Friday, June 15, 2012

16. Under the Afghan Sun by Mellissa Fung


In October 2008, Mellissa Fung, a reporter for CBC’s The National, was leaving a refugee camp outside of Kabul when she was kidnapped by armed men. She was forced to hike for several hours through the mountains until they reached a village; there, the kidnappers pushed her towards a hole in the ground. “No,” she said. “I am not going down there.”
For more than a month, Fung lived in that hole, which was barely tall enough to stand up in, nursing her injuries, praying and writing in a notebook. Under an Afghan Sky is the gripping tale of Fung’s days in captivity, surviving on cookies and juice, from the “grab” to her eventual release.





I read this book without having any background on the story or the author.   I am glad I did, as I was able to  - as much as a book will allow -take this journey with her.

I understood why she would be writing to specific people in her journal as well as keeping a diary during her detainment but was surprised to find I was eager to read more of the notes Paul was writing to her as well.   It was a great detail to have those brief glimpses into what was happening to him and her friends and family as they waited for news and for the negotiations to continue.  For  me, it punctuated her isolation from all that she knew.  As a reader I was grabbing fast to Paul's updates and worry for Melissa and at the same time realizing how hungry she was for that same contact.

I found the beginning and end of this memoir riveting and tense.  The middle was long, sometimes boring and I quickly grew impatient with it.  For this story, I think that worked wonderfully as it brought the reader into the experience of Melissa and the long, long wait she experienced.  I think she did a good job of describing the events , the feeling that time had stalled, and her constant attempts to connect with her captors.  That connection is so important as it was the only thing she really had any amount of control over and it was the one thing she could do to humanize herself to her captors.  It reminded me of my criminology classes and the strategy of making captors see their victims as humans, individuals and not as symbols of what they hate as it is much more difficult to harm or kill someone whom you see as a person.  Her  journaling of Canadian experiences such as the Canuks games, the Terry Fox run and the election achieved a similar effect for me as a reader.  These topics and others allowed me to connect with her as the protagonist and care more about her story.

Melissa's descriptions of her captors followed her emotional journey...factual and straightforward at the beginning, then empathetic and inquisitive as she gently manoeuvred herself into their daily lives, and finally reflective and understanding of their world.

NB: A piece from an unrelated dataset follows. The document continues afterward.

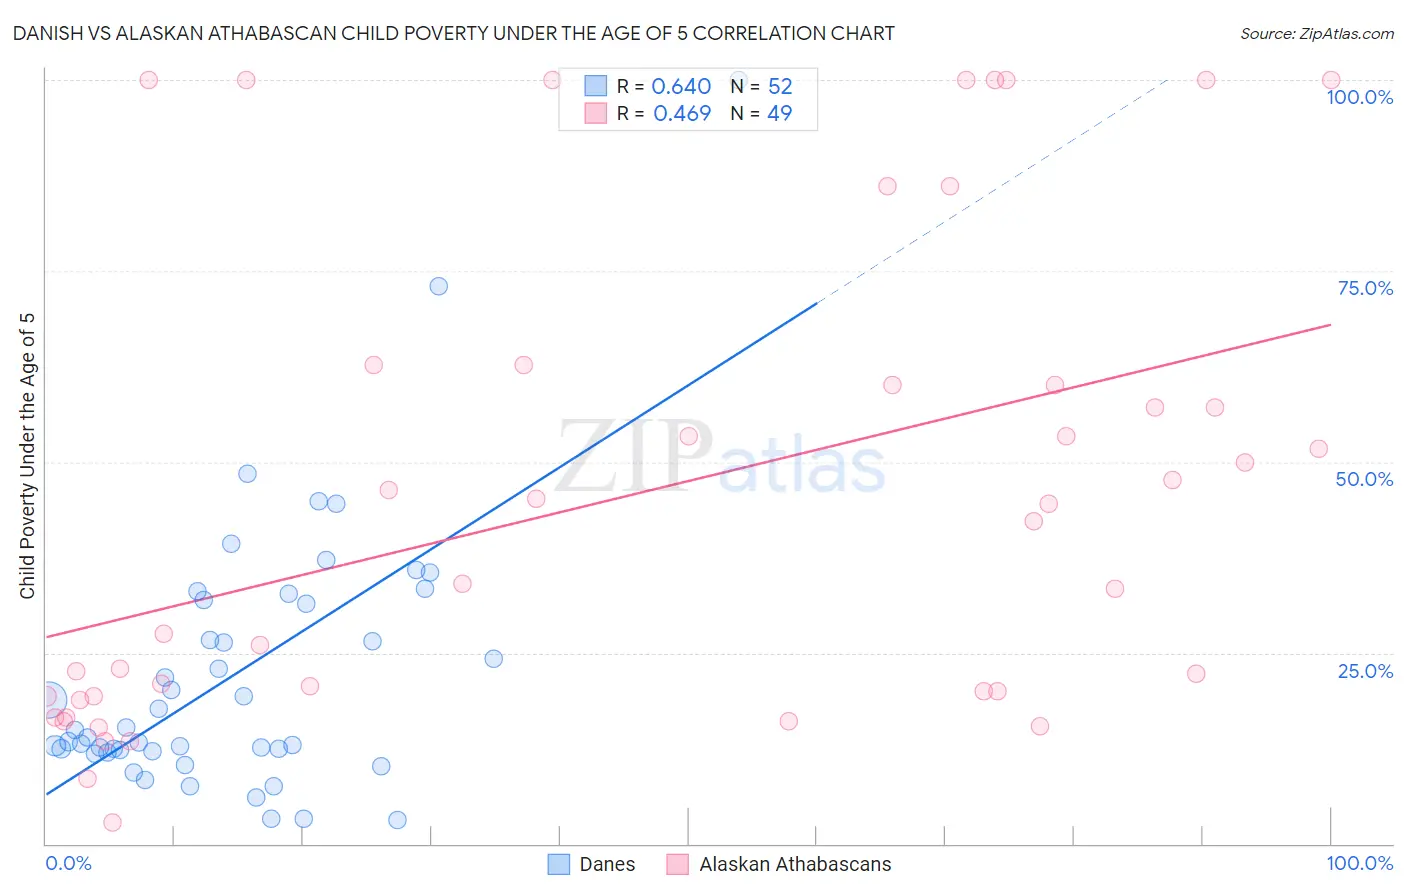 Danish vs Alaskan Athabascan Child Poverty Under the Age of 5
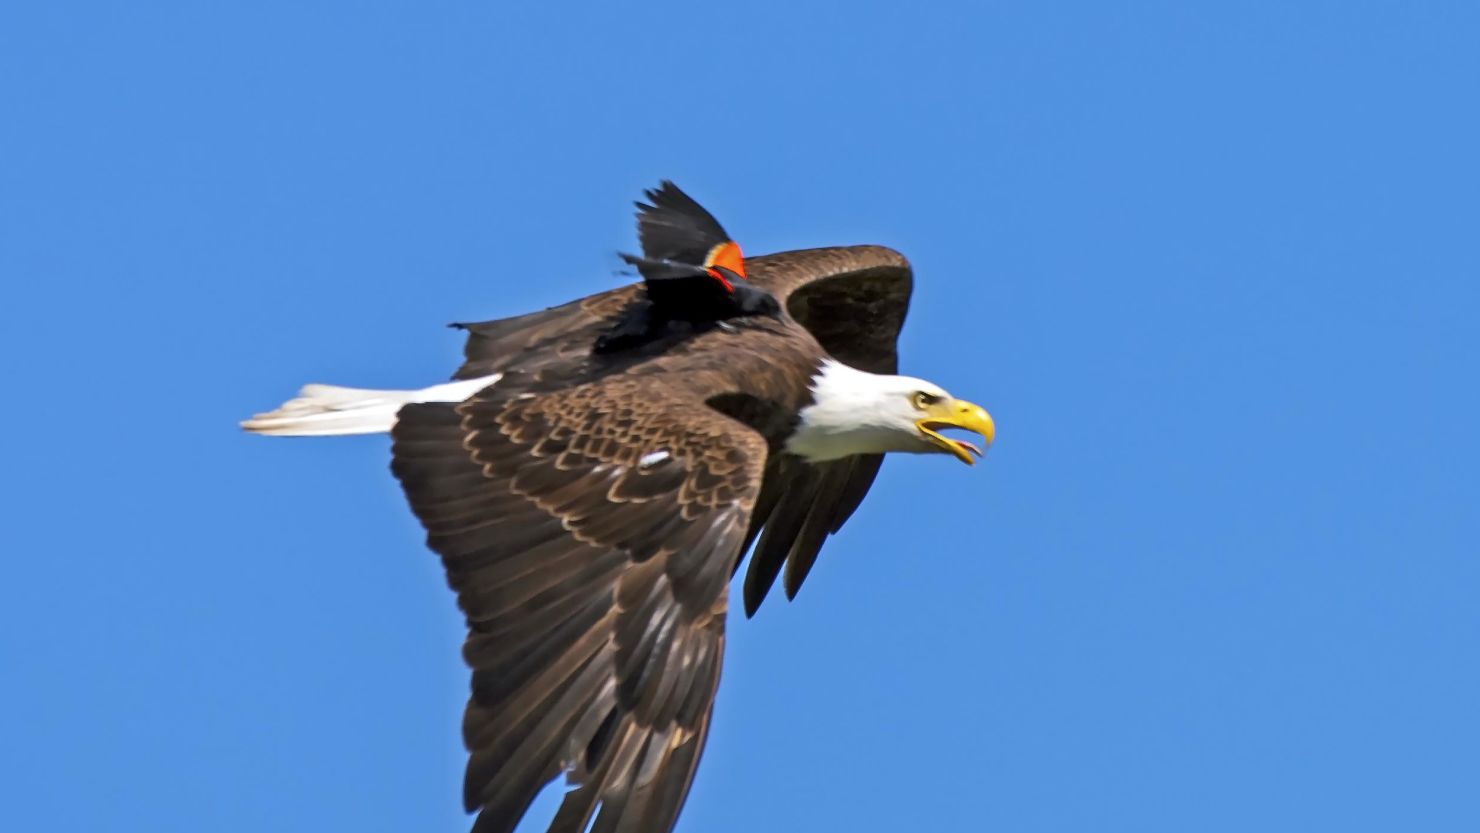 A blackbird hopped on the back of a bald eagle, but it turns out

I am not sure if it is Melissa's personality, reporter training  or her specific experience, but I found her approach in the book of providing relevant details and conveying the fear, stress and frustrations she felt to be very matter of fact.  I think I expected a bit more intensity of emotion in the story, but then again, that could also have been a survival tactic.  Don't break down - don't appear weak - don't give them any reason to hurt you.  Overall, I was impressed with her handling of the ordeal.  I would have liked a paragraph or two about how her friends and family fared and about her return to Canada after she was released.  How did the experience affect her shortly after gaining freedom?  How is she now?  The lack of that distanced her again from me.  Perhaps it has more to do with maintaining her standing as an objective journalist or want for privacy...but she did choose to write this memoir and it felt unfinished to me.